In contrast to the reduction of spleen titers to nearly undetectable levels in pp89-and-M84-coimmunized BALB/c mice, viral replication in the salivary glands was reduced only up to 10-fold below that of control mice. Previously, we reported salivary gland titer reductions of approximately 50-fold following pp89 DNA immunization (17). However, pp89 was expressed from pcDNA-I/Amp, and the use of the pcDNA3 vector in this report may account for differences in immunity. Through depletion studies of immune T lymphocytes, it was previously found that CD4⁺ cells are the effectors of viral clearance from this organ (24, 25). Although the protective immunity provided by CD8⁺ lymphocytes may suppress viral replication in the abdominal organs, virus that seeds the salivary glands replicates to high levels until CD4⁺ lymphocyte-mediated clearance can occur. Therefore, it appears likely that, although our plasmid DNA immunization-mediated protection may dramatically reduce MCMV replication in the spleen to nearly undetectable levels, the ability of the virus to disseminate to and amplify in the salivary gland was not significantly impeded in the immunized animals. This is not surprising, since plasmid DNA immunization favors the generation of CD8-mediated T-cell responses. Taken together, these data suggest that, in order for vaccination to significantly reduce salivary gland titers, adequate CD4⁺ antiviral activity in the salivary gland must be established prior to or coinciding with viral seeding of that organ.

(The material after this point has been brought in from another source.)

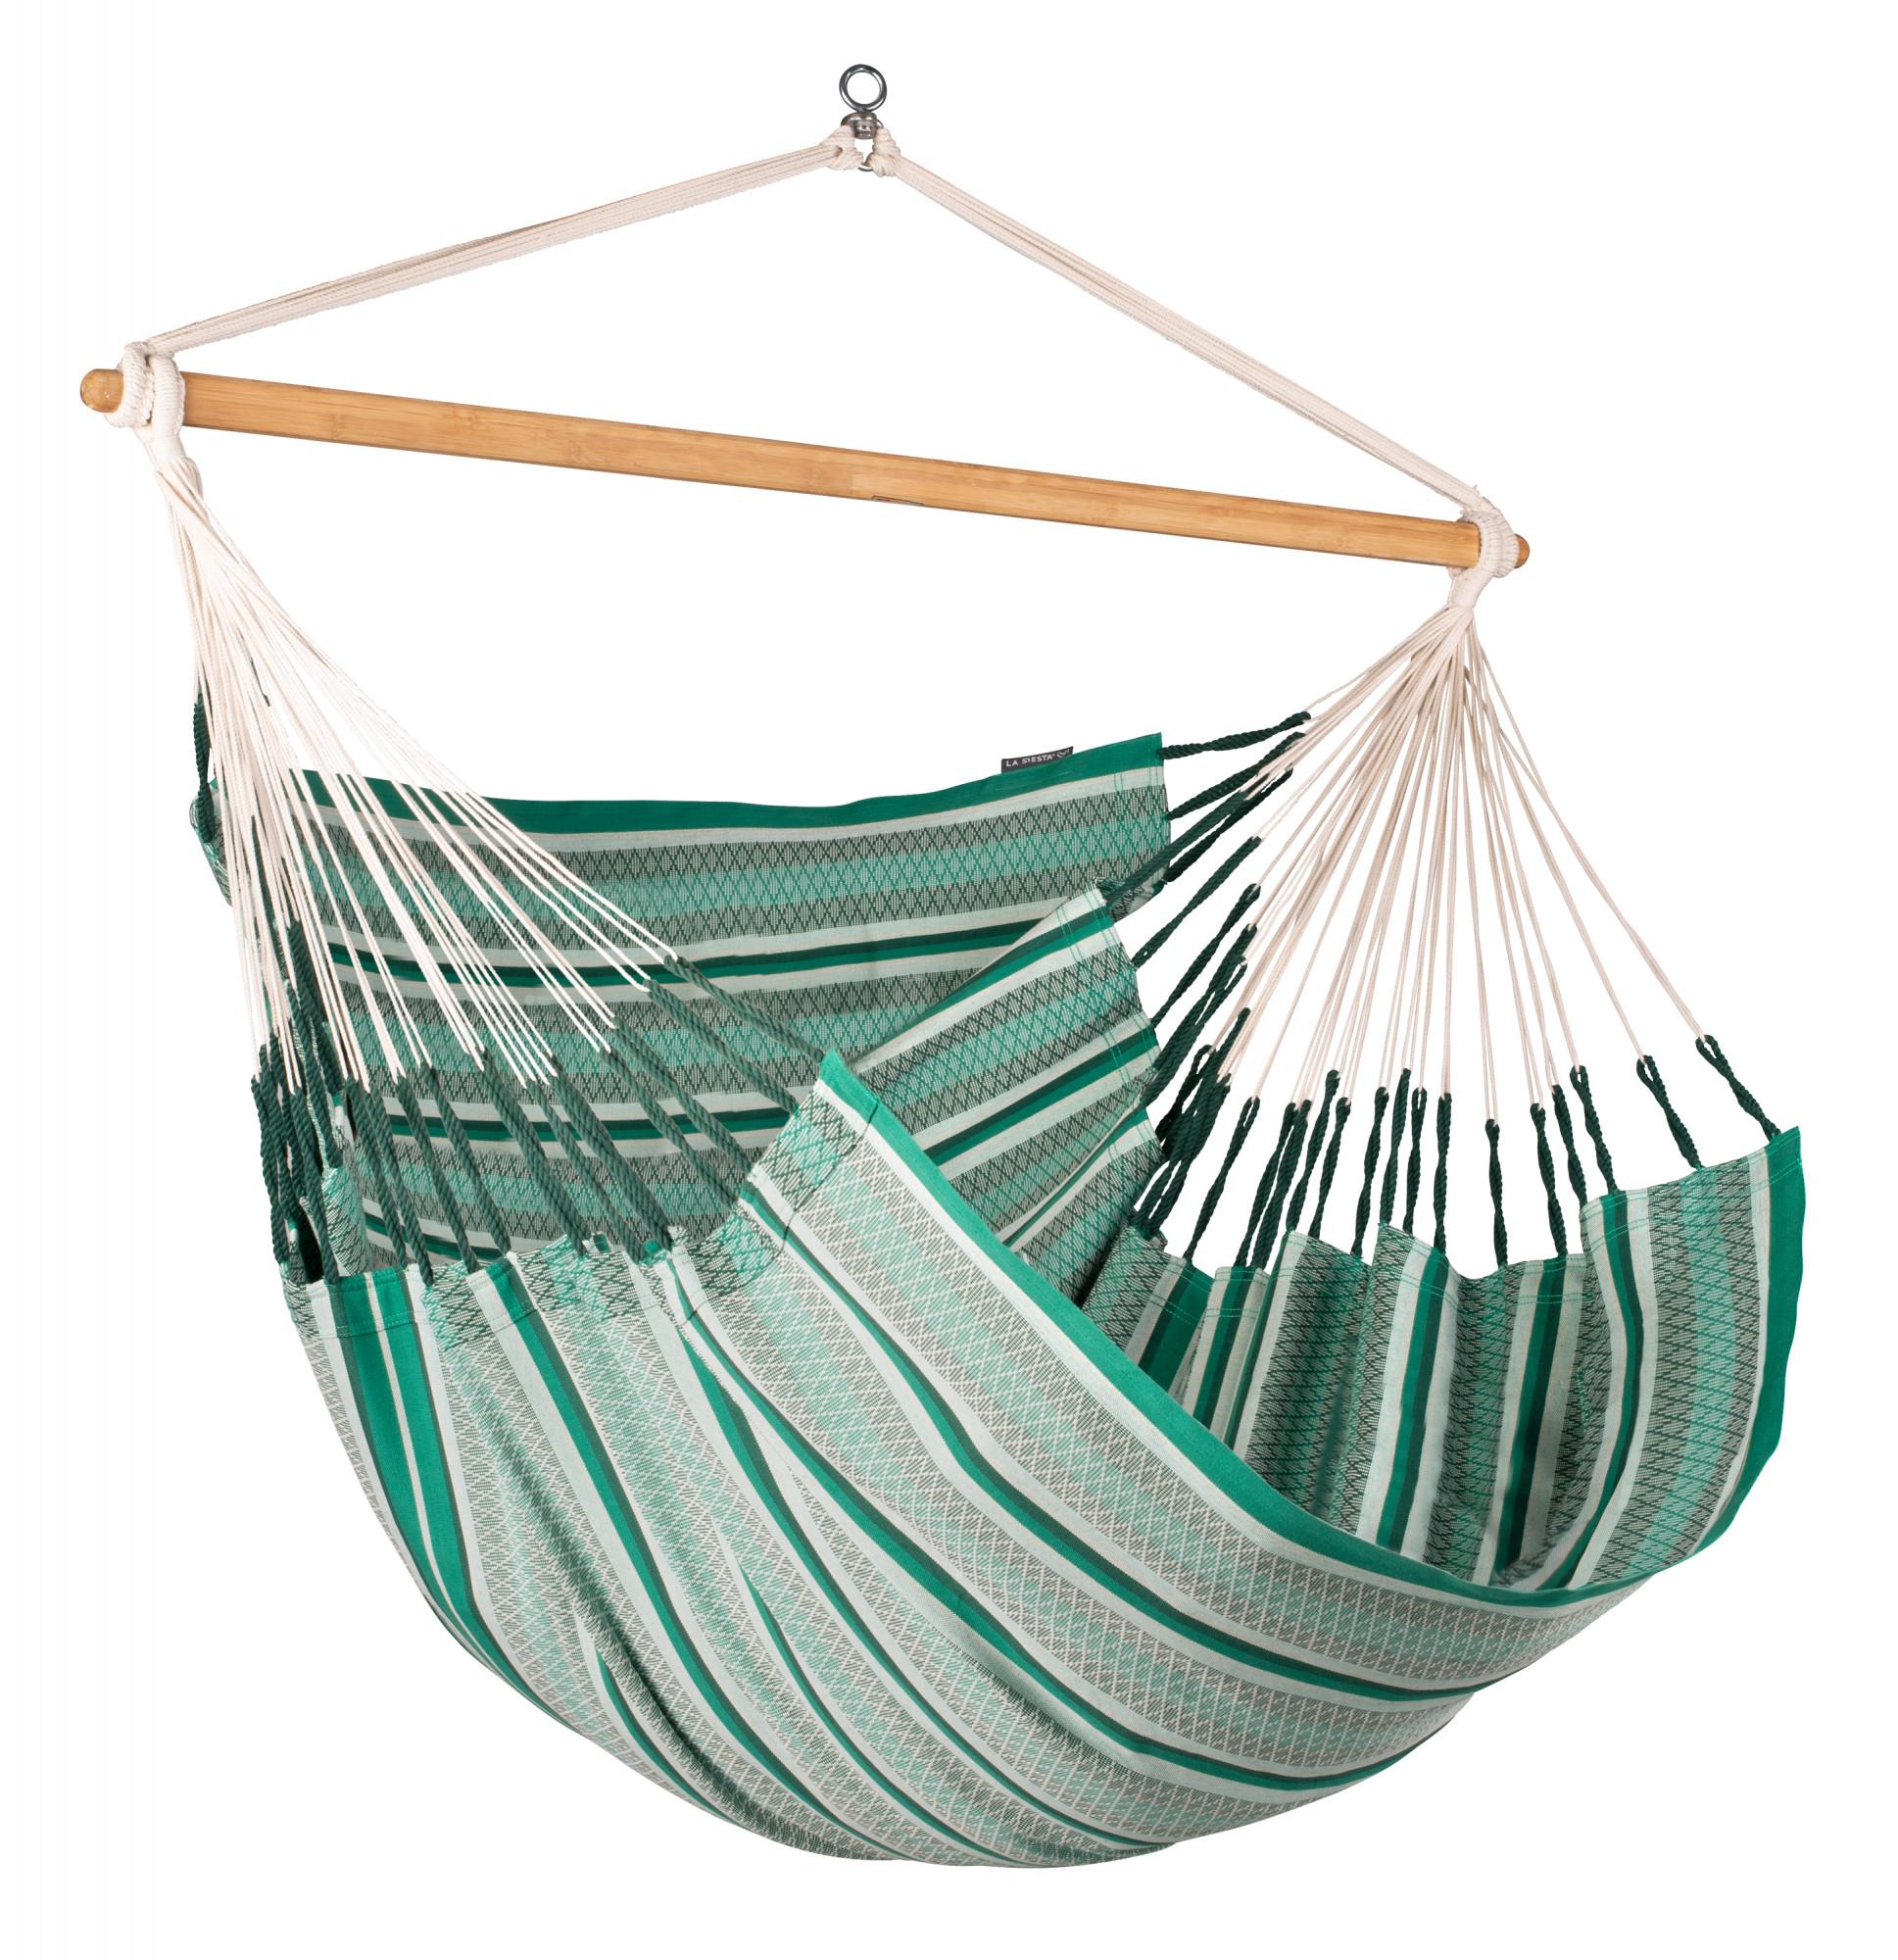 Chaise-hamac kingsize en coton bio vert

DNA-mediated immunization has become a valuable research tool and holds great promise for future use in preventing infectious diseases. The field is moving rapidly, and with continued innovations in augmenting immune responses against plasmid-encoded antigens by coadministration of cytokines or cytokine-expressing plasmids (8, 22, 27), utilizing immunostimulatory DNA sequences (41), improving chemical or physical delivery systems, and delivering antigens as immune-response-enhancing ubiquitin fusion proteins (38, 39), it seems likely that it will be possible to vigorously prime both arms of the acquired cellular immune response to MCMV and provide complete protection against acute infection and the establishment of latency. The identification of MCMV antigens that elicit these types of protective responses will be crucial to directing this prophylactic immunity. The insights provided from animal models can then be used for the development of a safe and effective vaccine against HCMV.